China sets up coordinating group for modern Silk Road

China sets up coordinating group for modern Silk Road

BEIJING - China has set up a senior-level coordination group to oversee Beijing's plan to create a modern Silk Road, a Communist Party news website said on Friday, as efforts gather pace on a scheme China hopes will generate $2.5 trillion in trade in a decade.

Vice Premier Zhang Gaoli will head the group, with deputies including China's top diplomat State Councillor Yang Jiechi, Vice Premier Wang Yang, and Wang Huning, head of the party's Policy Research Office and a key aide of President Xi Jinping, the CPC News website said.

It provided no other details.

Such groups are typically set up to run important policy initiatives, and the one for the new Silk Road project, termed formally by China as the "One Belt, One Road" initiative, underscores the government's commitment to the scheme.

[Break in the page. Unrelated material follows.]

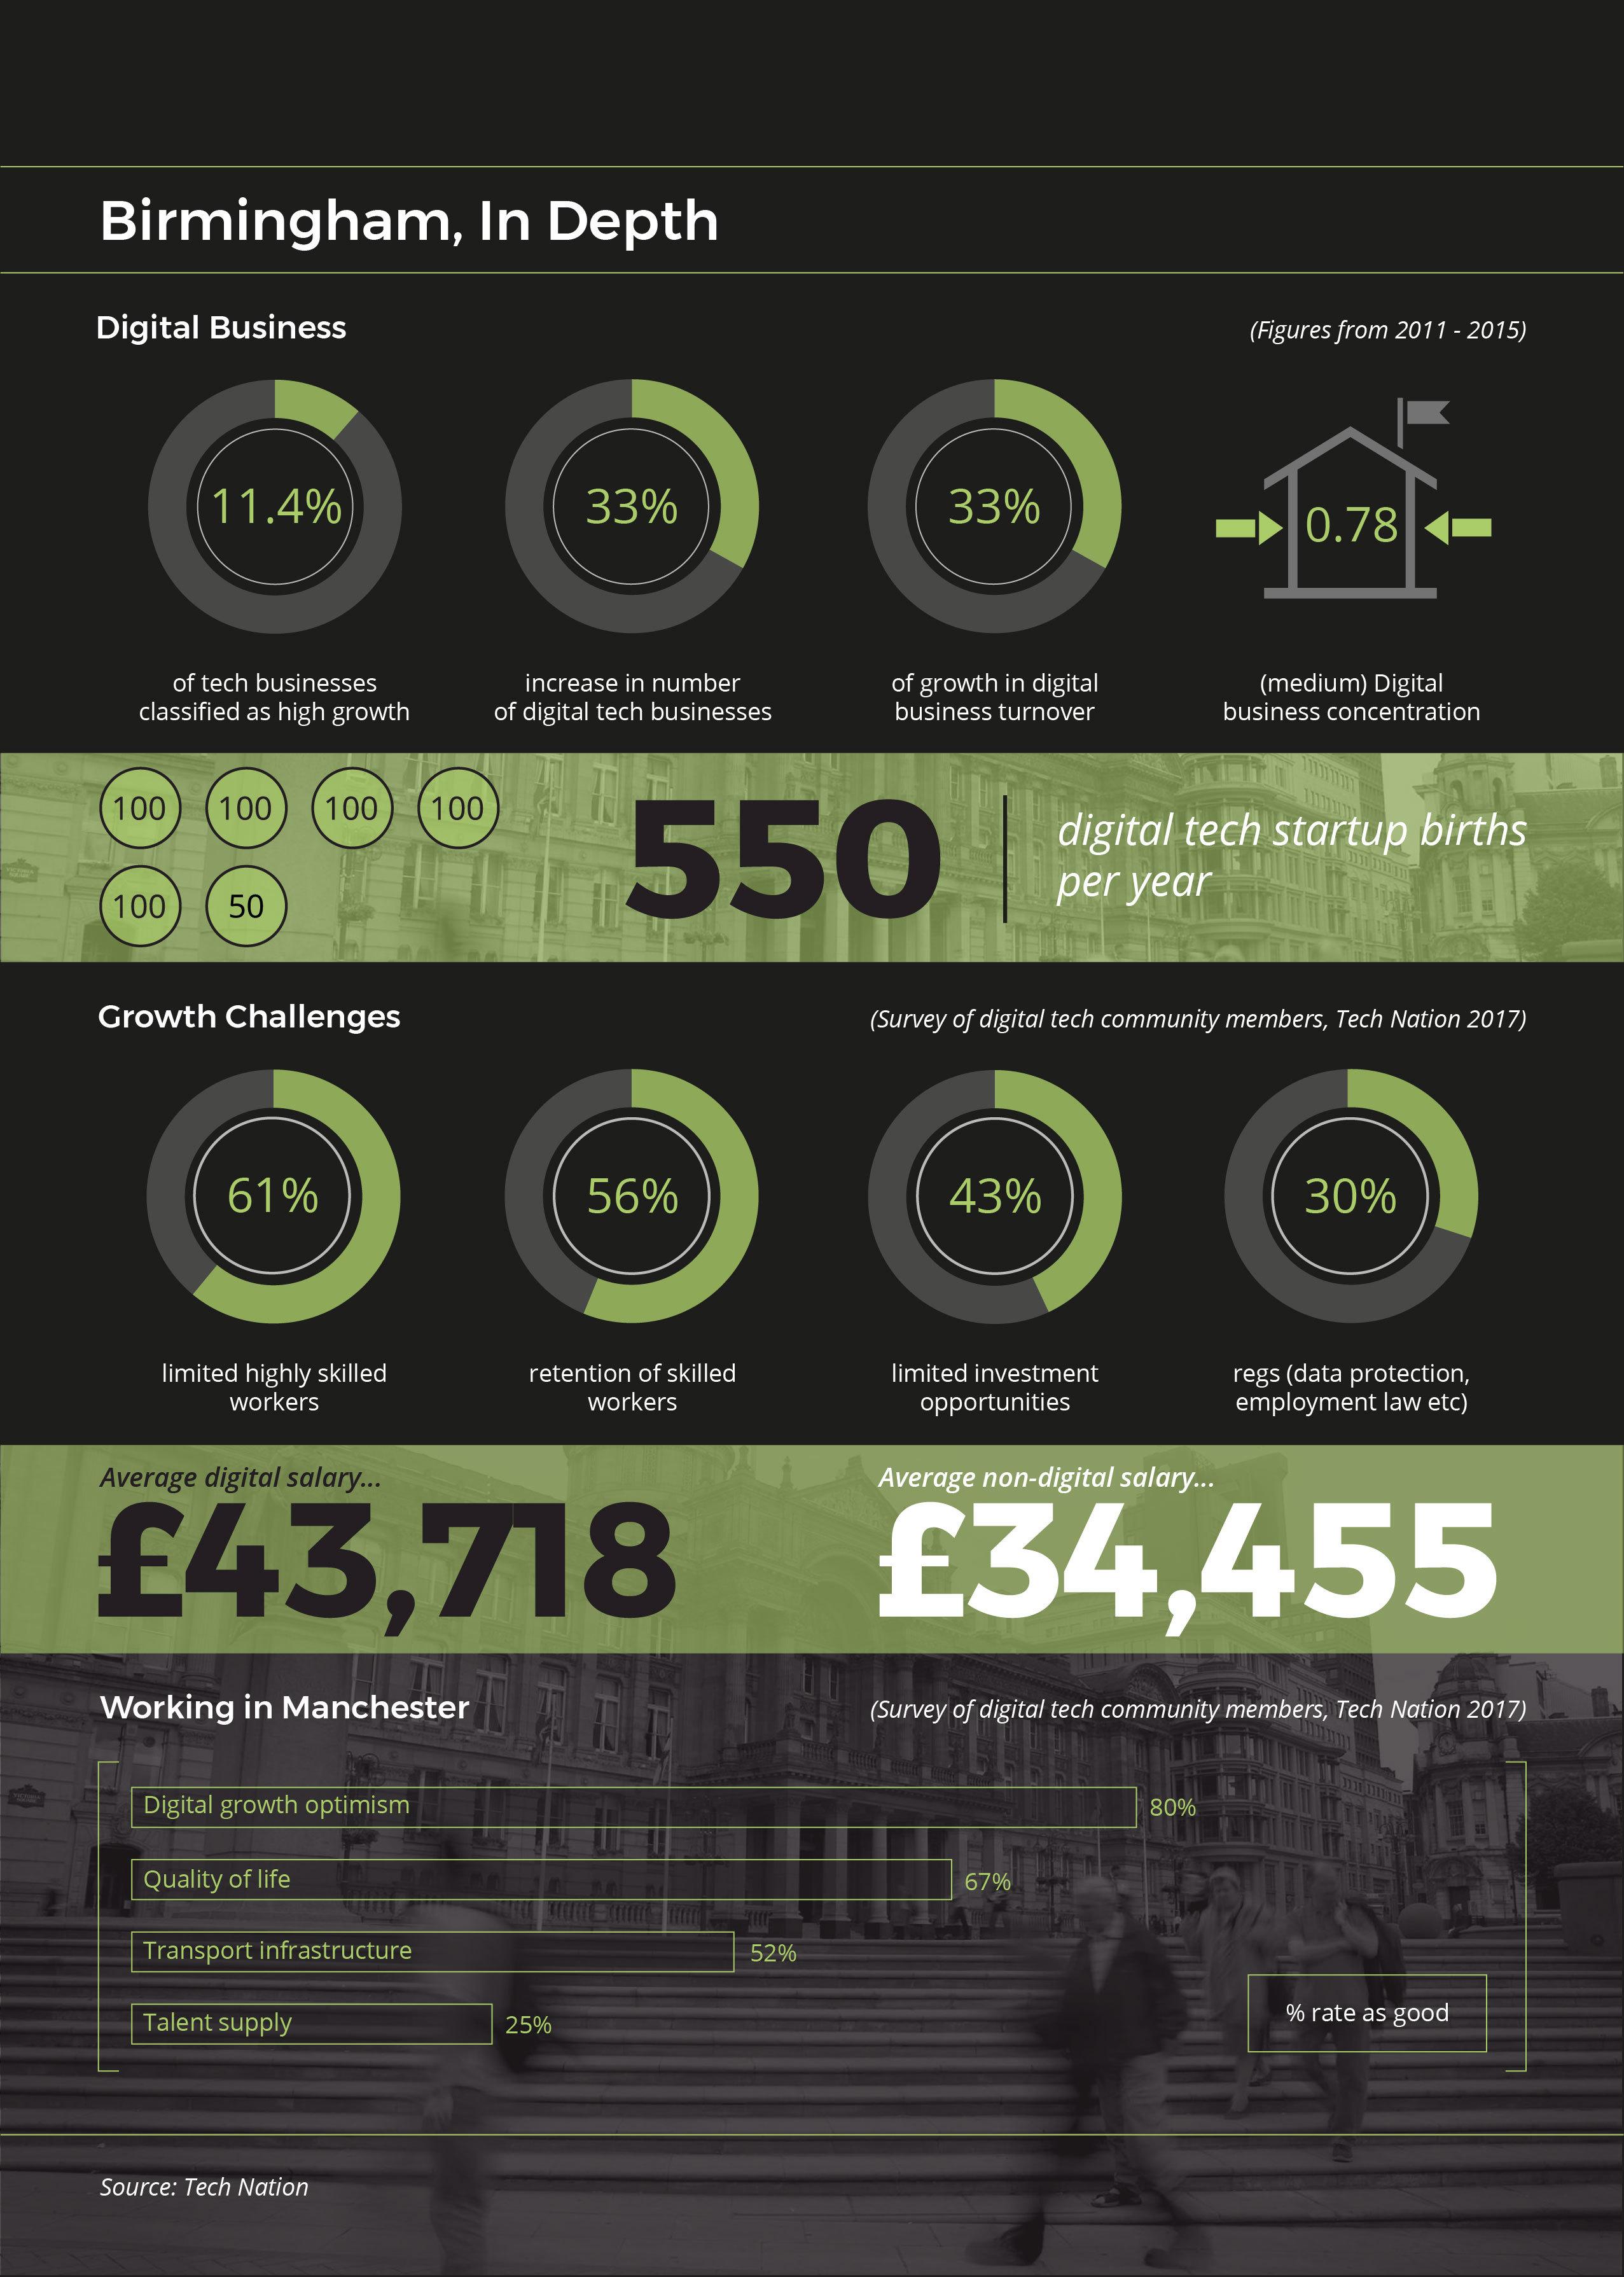 Birmingham Digital Economy - In Depth

Projects under the plan include a network of railways, highways, oil and gas pipelines, power grids, Internet networks, maritime and other infrastructure links across Central, West and South Asia to as far as Greece, Russia and Oman, increasing China's connections to Europe and Africa.

Xi said last month that he hoped its annual trade with the countries involved in Beijing's plan to create a modern Silk Road would surpass $2.5 trillion in a decade.